Como se observou em 3.1, a discussão sobre a língua que deveria ser valorizada no Brasil (a portuguesa do Brasil ou a portuguesa de Portugal) configurou-se como tópico essencial no processo de constituição da nacionalidade brasileira. De acordo com Luca (1999), em detrimento dessa nacionalidade, havia o triunfo da língua do conquistador, que era o idioma ensinado nas escolas, utilizado nos assuntos do Estado, exigido dos funcionários do poder, grafado nos logradouros públicos, estampado nos jornais. Isso tendia a fazer coincidir os limites políticos com os lingüísticos, uma vez que tal uso implicitamente difundia valores, tradições, aspirações e ideais que deveriam ser compartilhados por todos os falantes/cidadãos.

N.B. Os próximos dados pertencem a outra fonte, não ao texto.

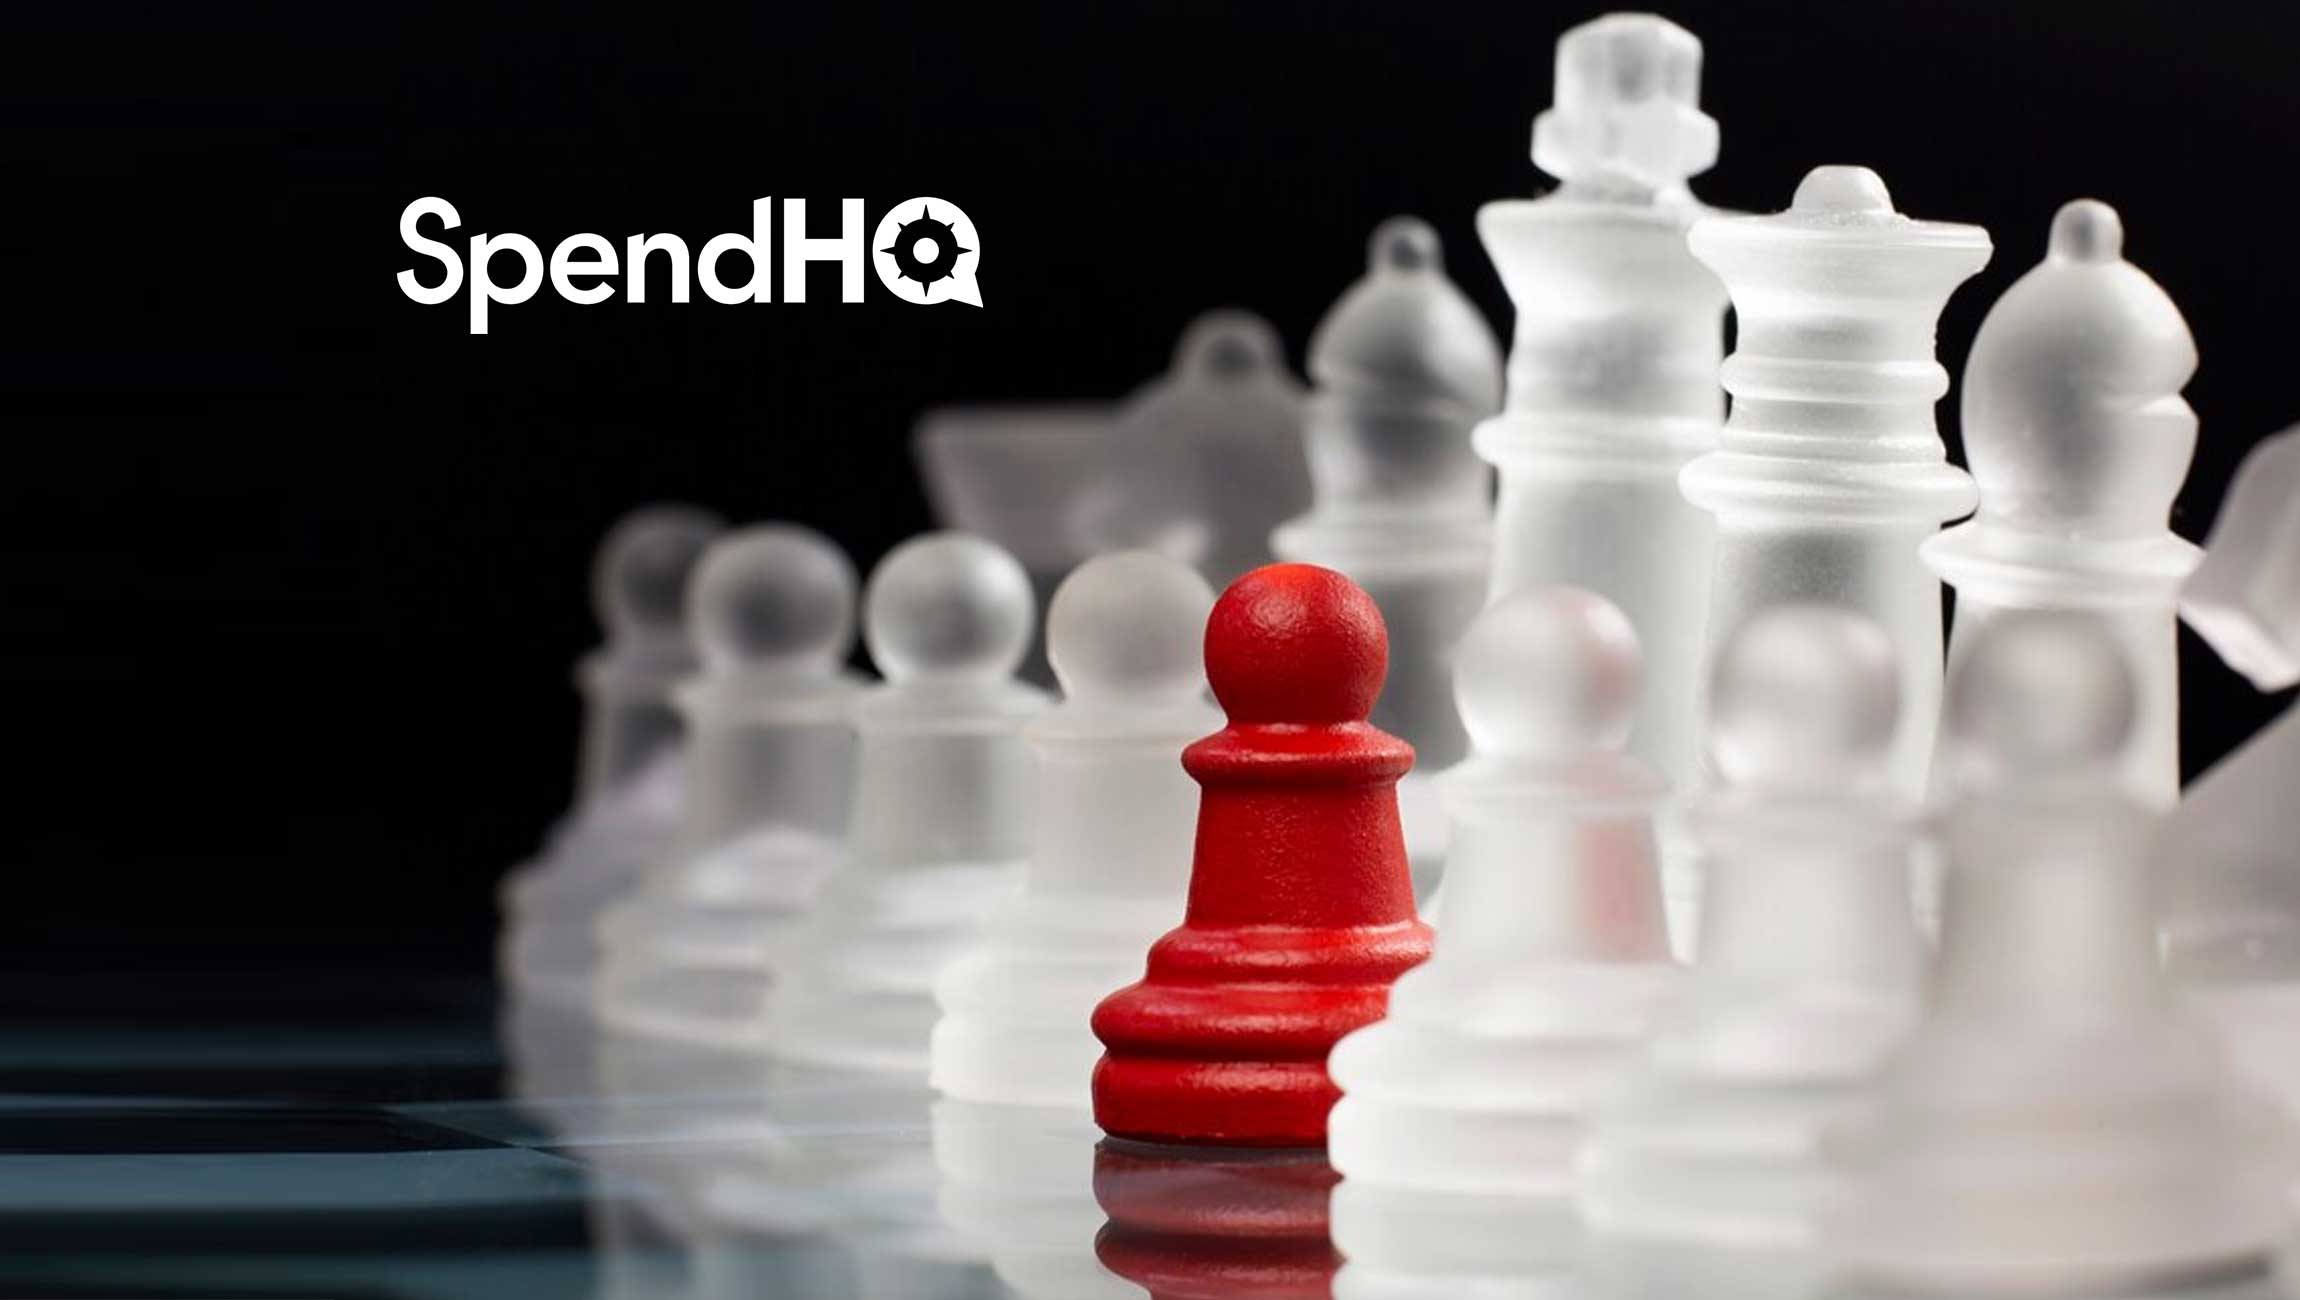 SpendHQ Appoints New Executives to Develop Next Phase of Growth & Data-Driven Innovation
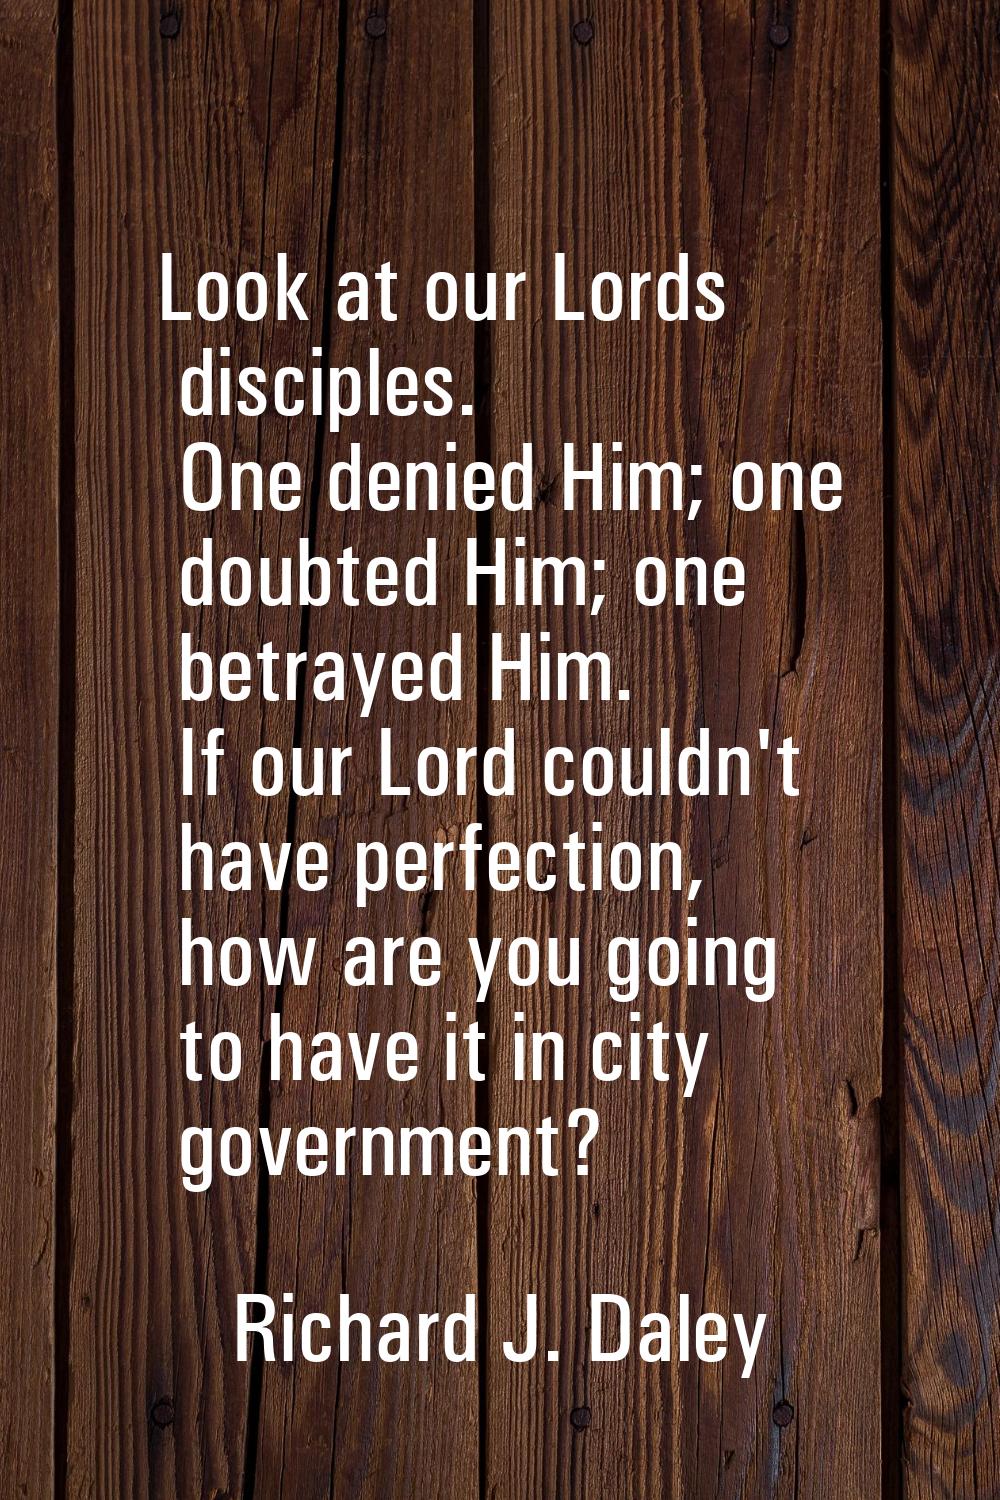 Look at our Lords disciples. One denied Him; one doubted Him; one betrayed Him. If our Lord couldn'

Por outro termo, a luta por uma identidade realmente brasileira acirrava-se na transição entre os séculos XIX e XX e, obviamente, transpunha-se para um uso lingüístico que representasse o Brasil, uma vez que a língua constitui um importante fator de coesão nacional.

De acordo Amadeu Amaral (1921) citado por Luca (1999):

a língua é a manifestação mais extensa e mais profunda da alma multiforme da nacionalidade, porque obra anônima, coletiva e inconsciente de inumeráveis gerações... Esse caráter de formação coletiva, obra de todos para o uso de todos, na qual todos colaboram e da qual ninguém é autor, implica necessariamente um liame em que se entrelaçam todos os indivíduos de uma nação, desde os mais altos até os mais humildes. O linguajar do analfabeto mais bronco, tão distanciado da prosa repolida e rebrilhante de um Rui Barbosa, é essencialmente a mesma coisa que ela. Com esse mesmo instrumento, o homem douto e o ignorante podem entender-se um com o outro à vontade. Essa constante troca é possível porque há um fundo psicológico nacional; mas essa própria psicologia nacional é ainda um produto da língua.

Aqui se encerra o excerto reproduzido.